## [DATA BLOCK]
┌────────

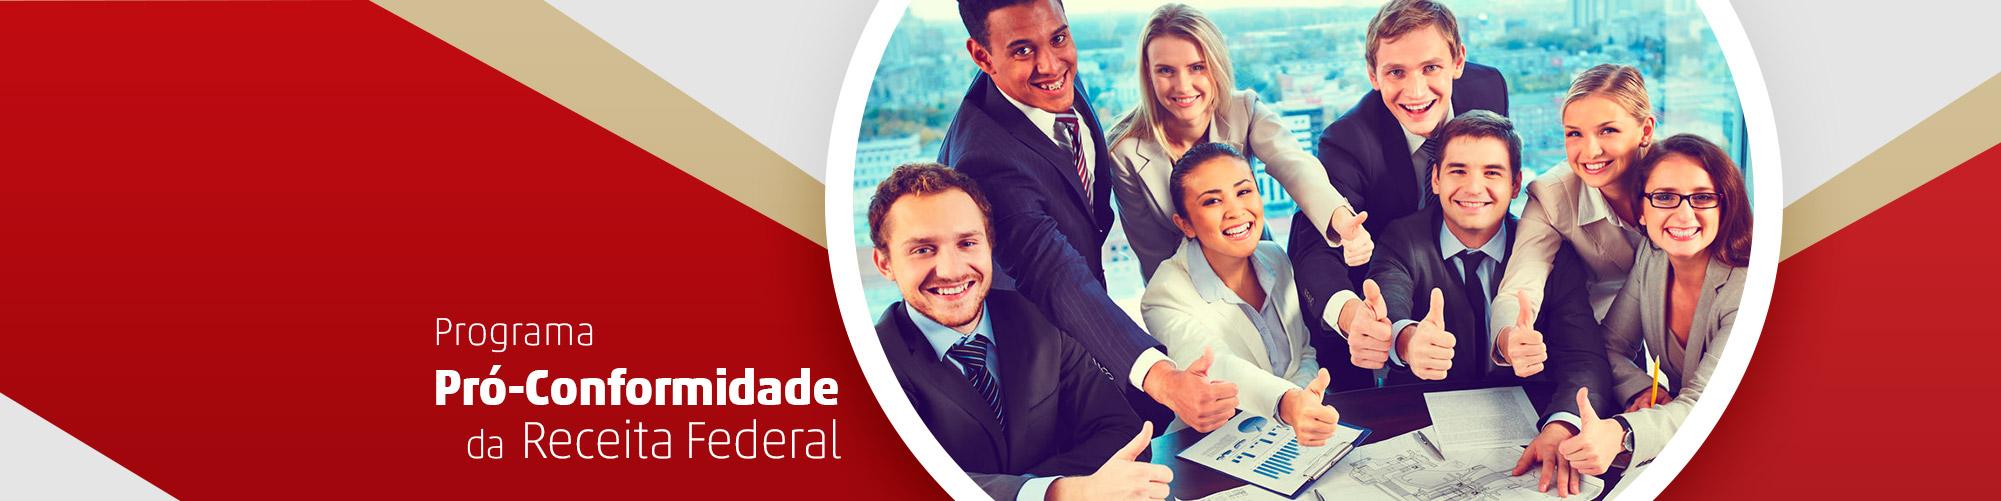 programa-pro-conformidade-Receita-Federal-TDF
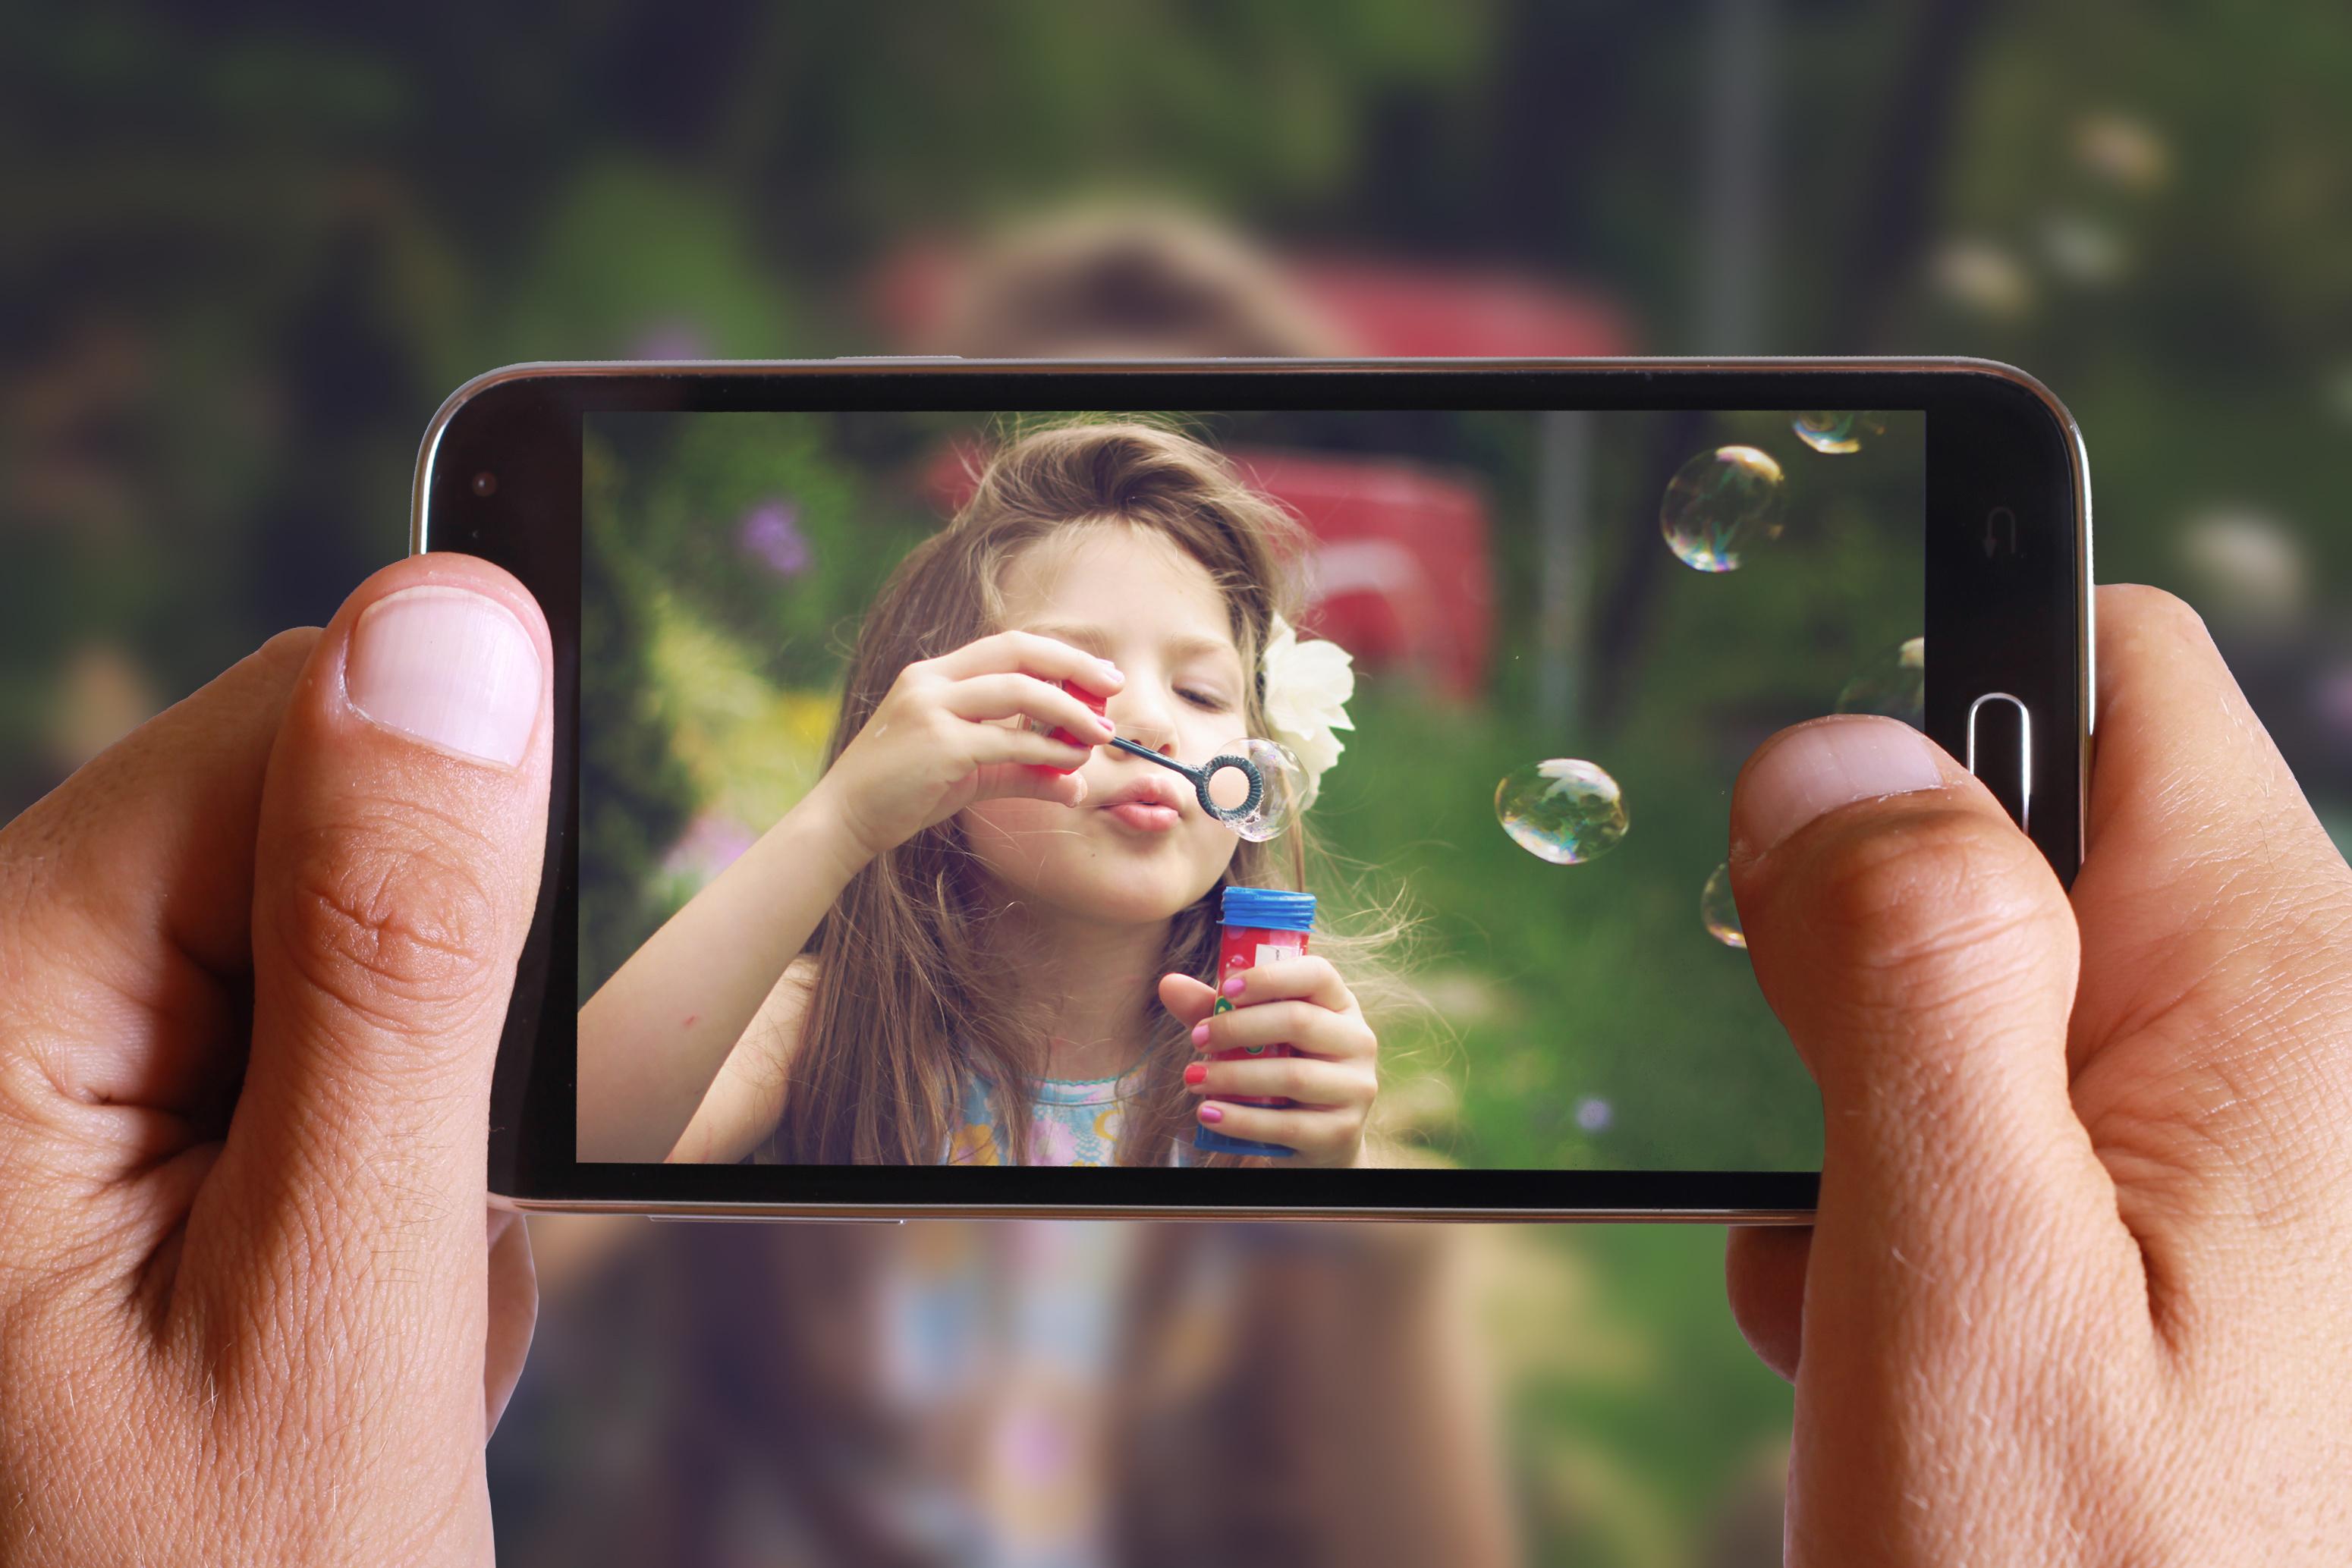 картинка с монитора в смартфоне говорит, что топоним
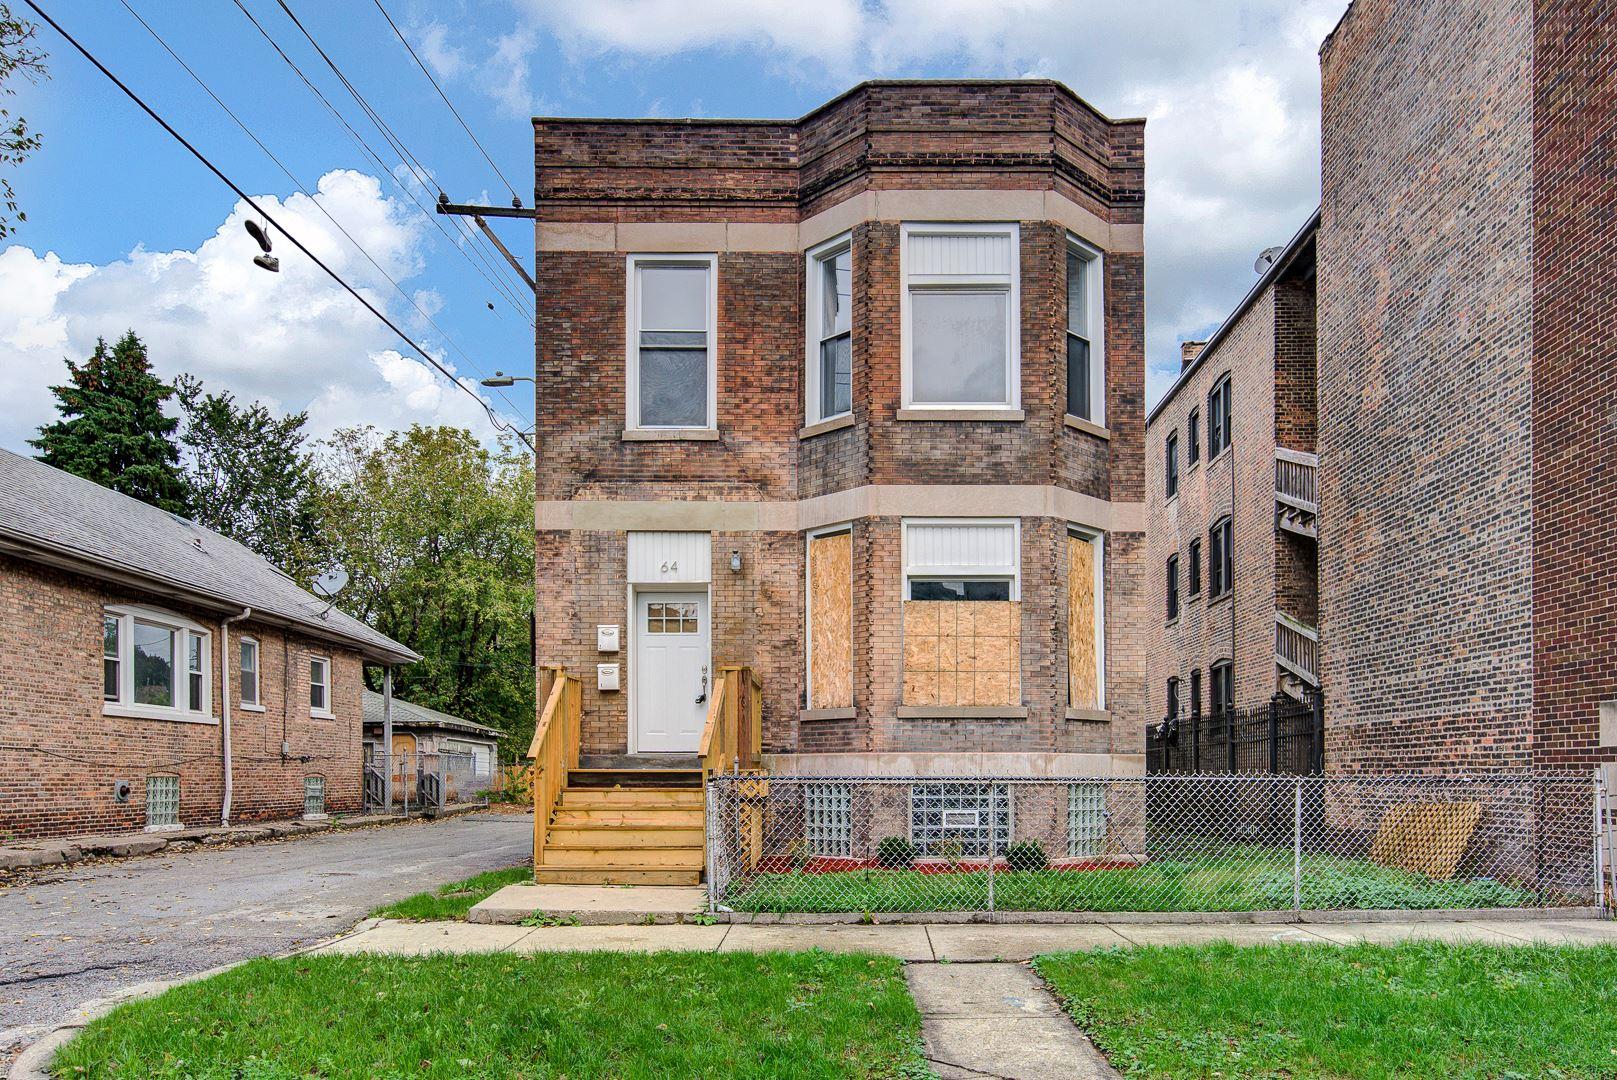 64 E 68th Street, Chicago, IL 60637 - #: 11247640

└────────

## [YOUR TASK]
The material is to be reproduced verbatim, and no picture may appear in the copy.

## [TASK RESPONSE]
 programa-pro-conformidade-Receita-Federal-TDF
 картинка с монитора в смартфоне говорит, что топоним
 64 E 68th Street, Chicago, IL 60637 - #: 11247640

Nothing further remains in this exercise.